The following example notebooks show how to apply the changes to training scripts in detail:

  • Debugger in script mode with the TensorFlow 2.1 framework

    To see the difference between using Debugger in a Deep Learning Container and in script mode, open this notebook and put it and the previous Debugger in a Deep Learning Container TensorFlow v2.1 notebook example side by side.

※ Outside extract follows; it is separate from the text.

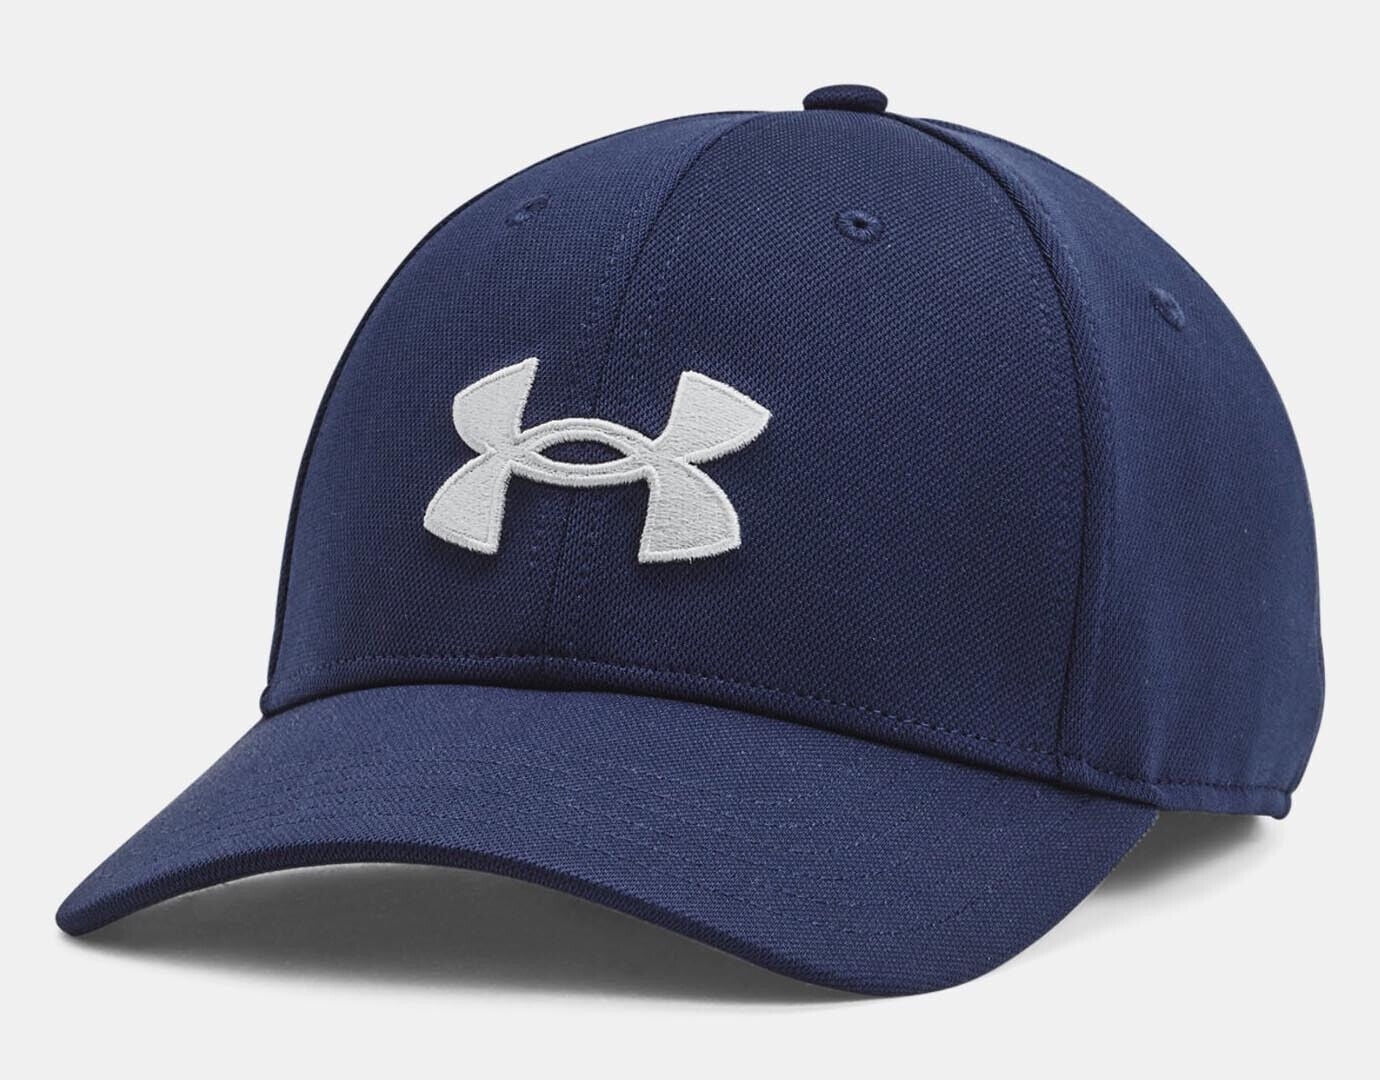 UNDER ARMOUR Fish Hat Ball Cap Flex FITTED L-XL Mesh Back - La Paz County  Sheriff's Office Dedicated to Service

    In script mode, the hook configuration part is removed from the script in which you set the estimator. Instead, the Debugger hook feature is merged into the training script, TensorFlow Keras ResNet training script in script mode. The training script imports the smdebug library in the required TensorFlow Keras environment to communicate with the TensorFlow ResNet50 algorithm. It also manually implements the smdebug hook functionality by adding the callbacks=[hook] argument inside the train function (in line 49), and by adding the manual hook configuration (in line 89) provided through SageMaker Python SDK.

    This script mode example runs the training job in the TF 2.1 framework for direct comparison with the zero script change in the TF 2.1 example. The benefit of setting up Debugger in script mode is the flexibility to choose framework versions not covered by AWS Deep Learning Containers.

  • Using Amazon SageMaker Debugger in a PyTorch Container in Script Mode

    This notebook enables Debugger in script mode in PyTorch v1.3.1 framework. PyTorch v1.3.1 is supported by SageMaker containers, and this example shows details of how to modify a training script.

    The SageMaker PyTorch estimator is already in script mode by default. In the notebook, the line to activate script_mode is not included in the estimator configuration.

    This notebook shows detailed steps to change an original PyTorch training script to a modified version with Debugger enabled. Additionally, this example shows how you can use Debugger built-in rules to detect training issues such as the vanishing gradients problem, and the Debugger trial features to call and analyze the saved tensors.